Directions for this task:
From the first line to the last, copy the material exactly and leave the pictures out.

Source data:
═══
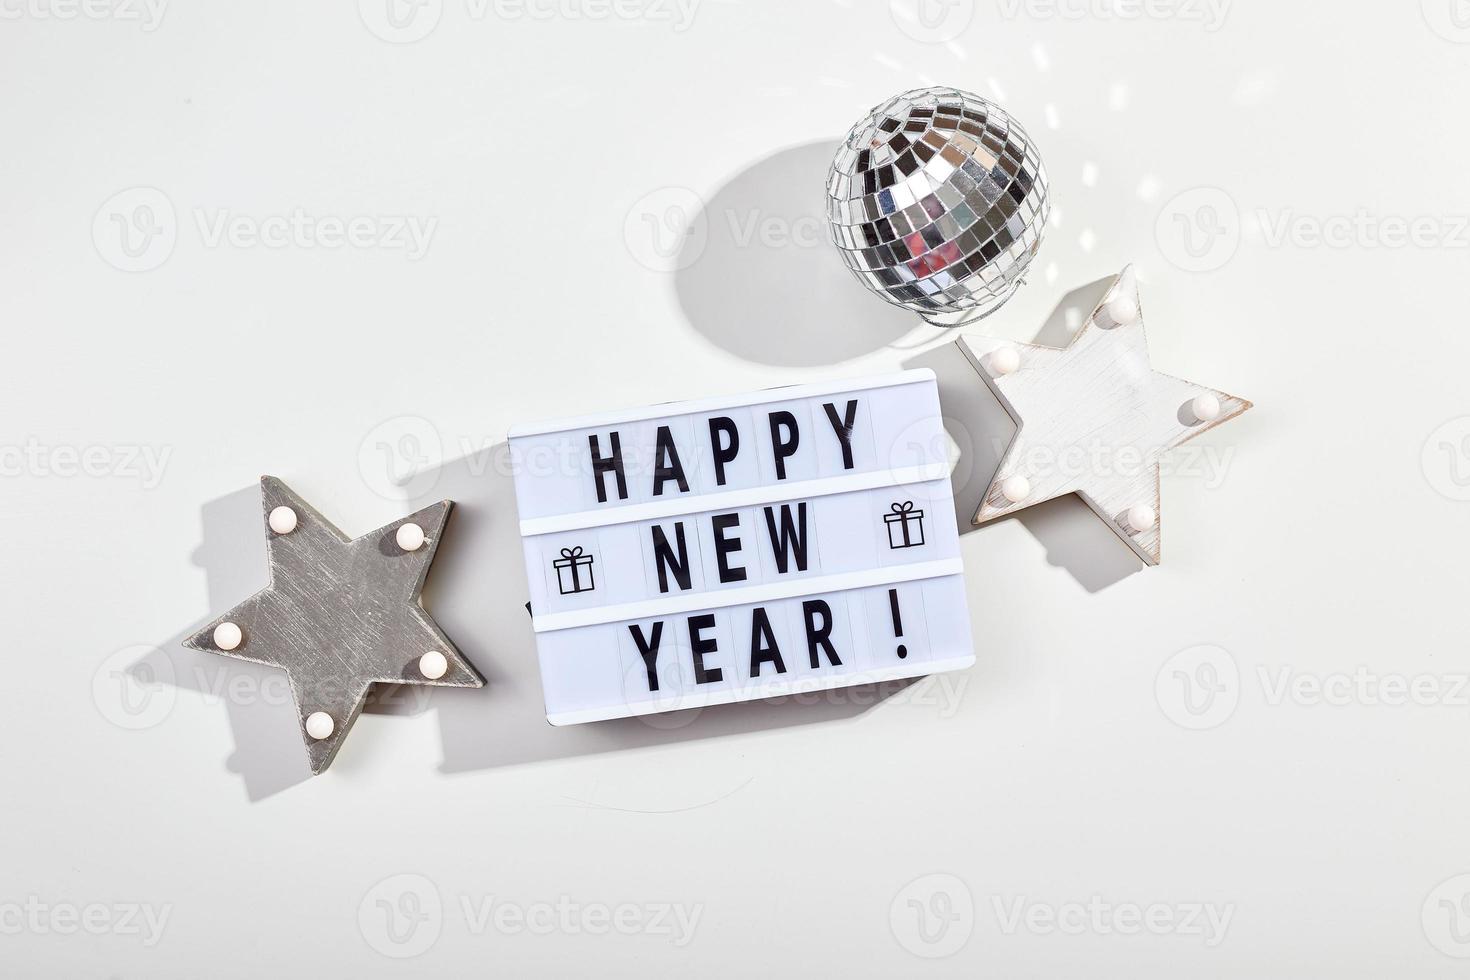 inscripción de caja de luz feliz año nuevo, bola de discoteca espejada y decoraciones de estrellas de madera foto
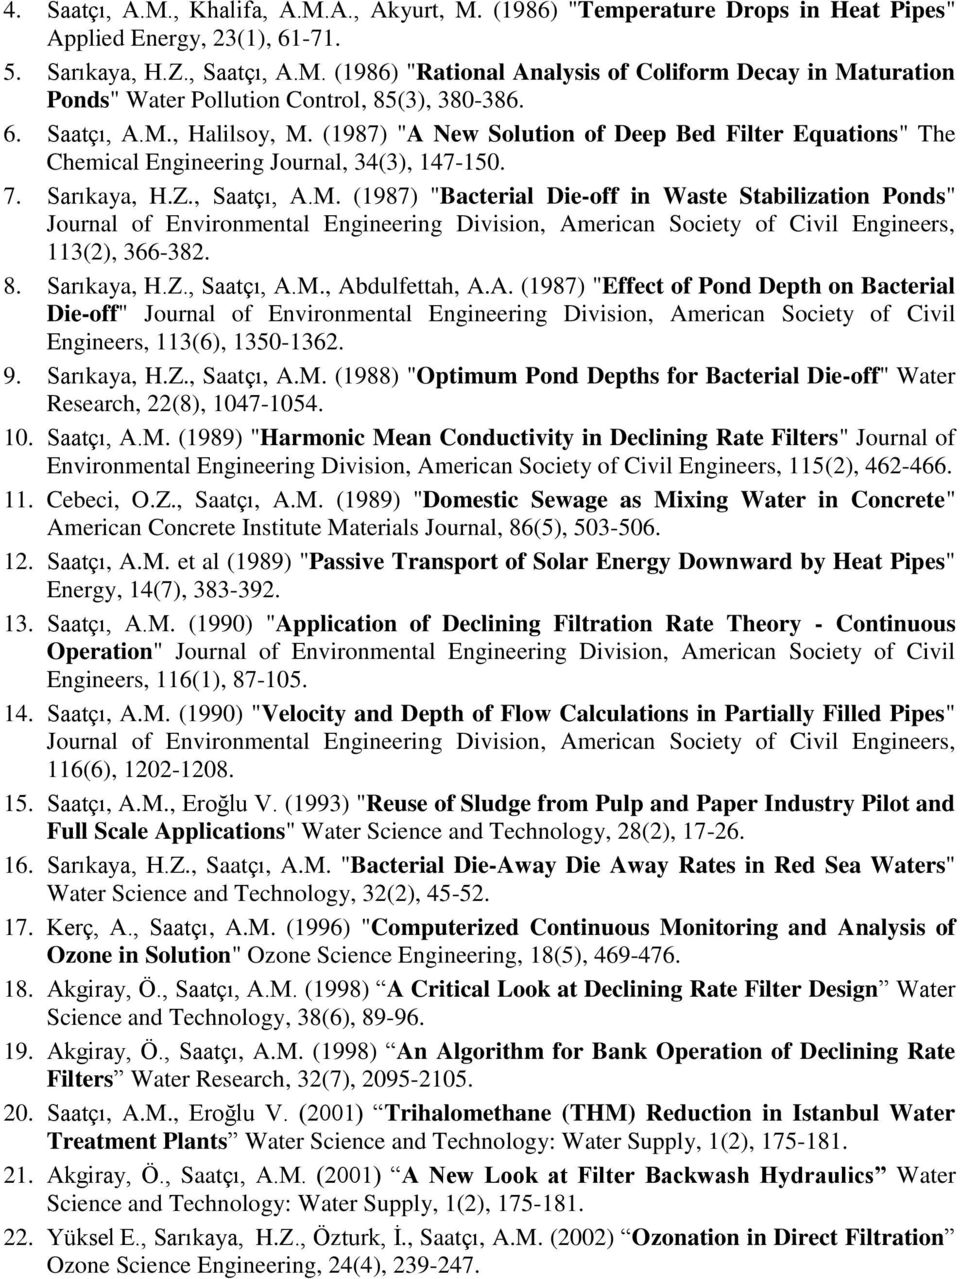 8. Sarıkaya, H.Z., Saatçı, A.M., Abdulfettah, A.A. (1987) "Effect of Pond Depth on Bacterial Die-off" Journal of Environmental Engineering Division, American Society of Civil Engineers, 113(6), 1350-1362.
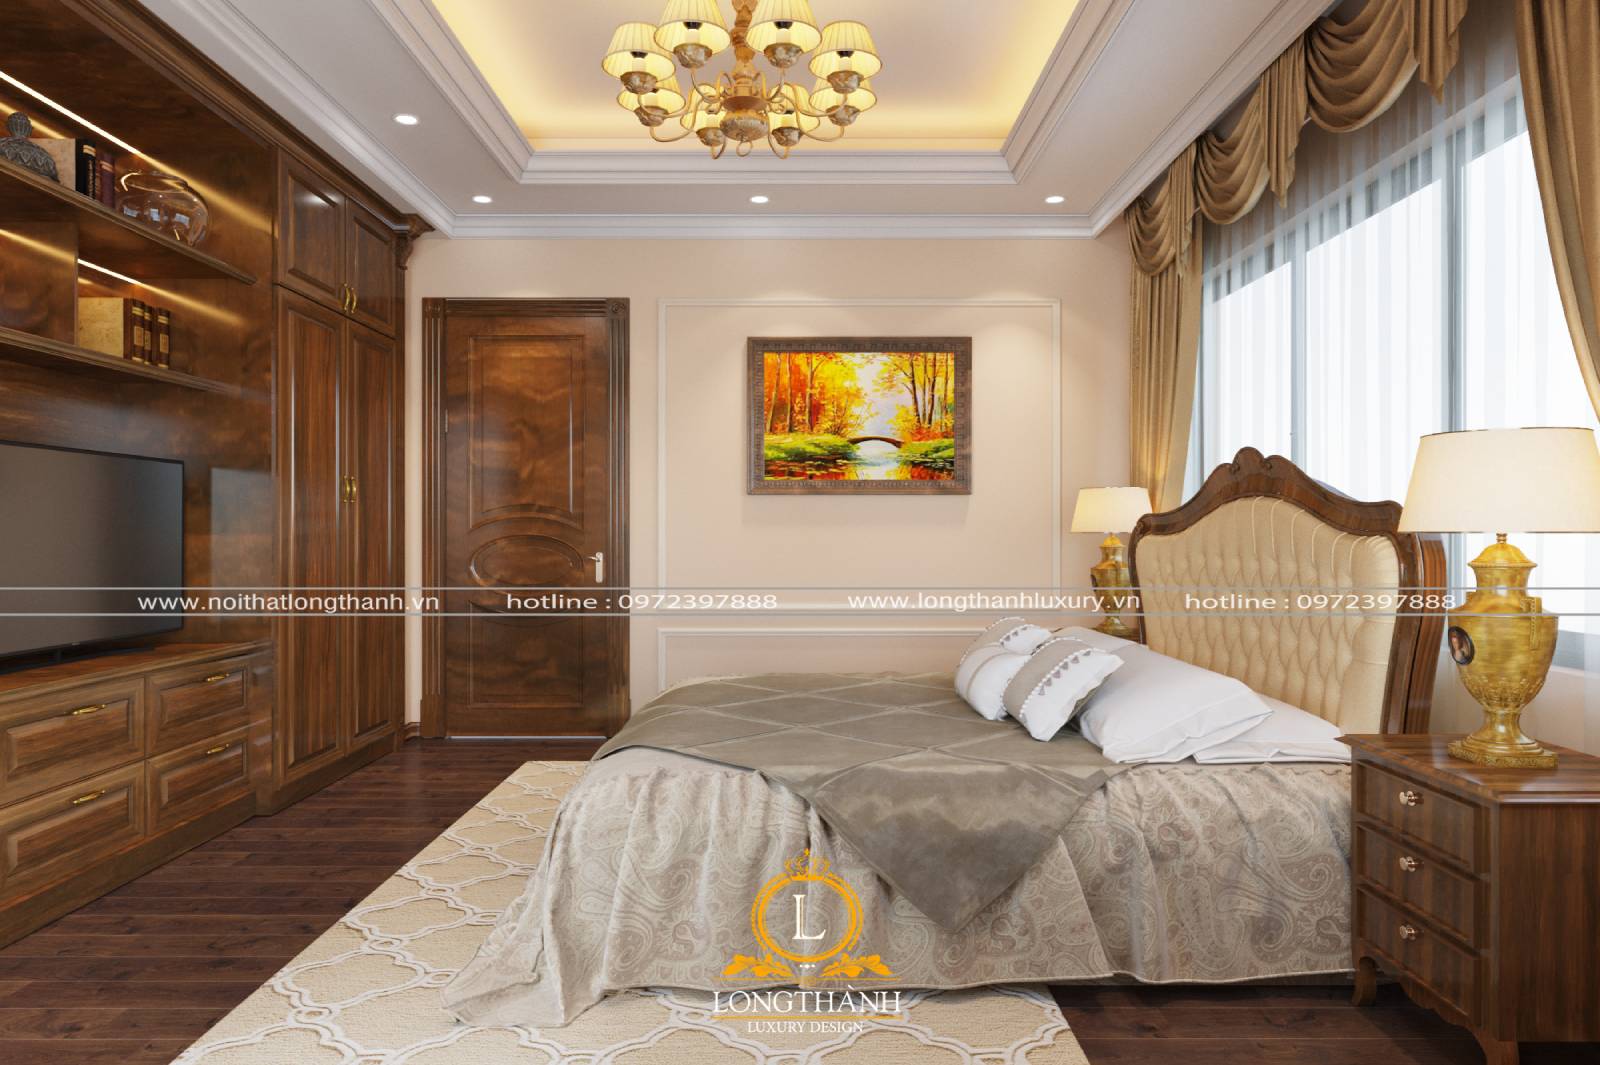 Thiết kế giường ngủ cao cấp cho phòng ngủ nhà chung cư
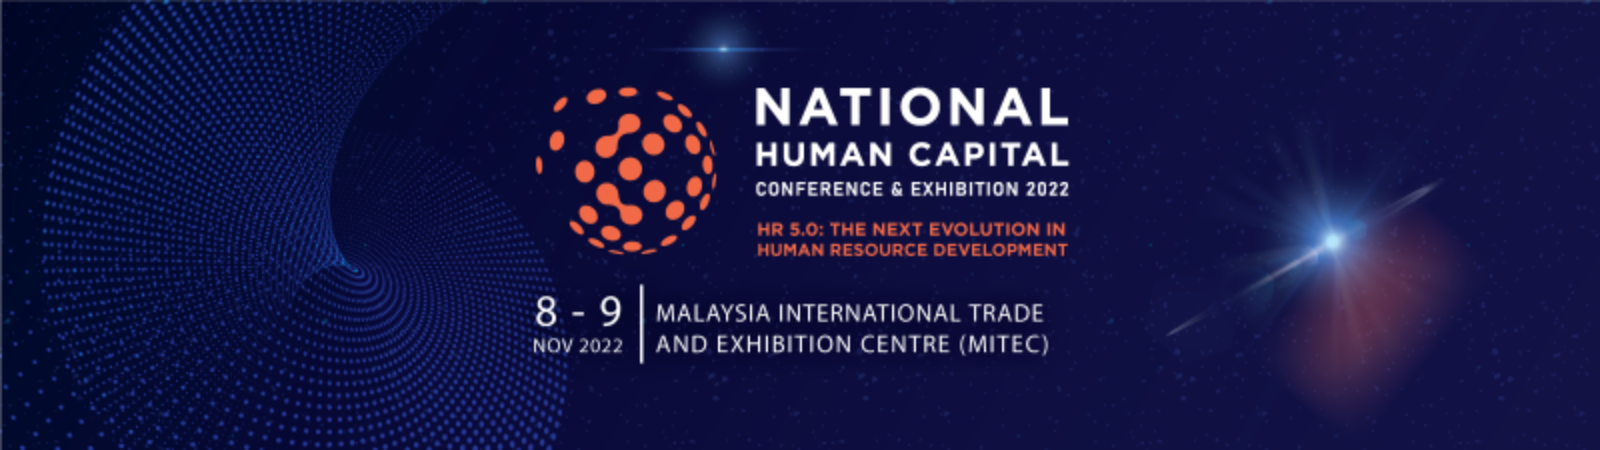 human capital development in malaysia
═══
Completed task:
 inscripción de caja de luz feliz año nuevo, bola de discoteca espejada y decoraciones de estrellas de madera foto
 8. Sarıkaya, H.Z., Saatçı, A.M., Abdulfettah, A.A. (1987) "Effect of Pond Depth on Bacterial Die-off" Journal of Environmental Engineering Division, American Society of Civil Engineers, 113(6), 1350-1362.
 Thiết kế giường ngủ cao cấp cho phòng ngủ nhà chung cư
 human capital development in malaysia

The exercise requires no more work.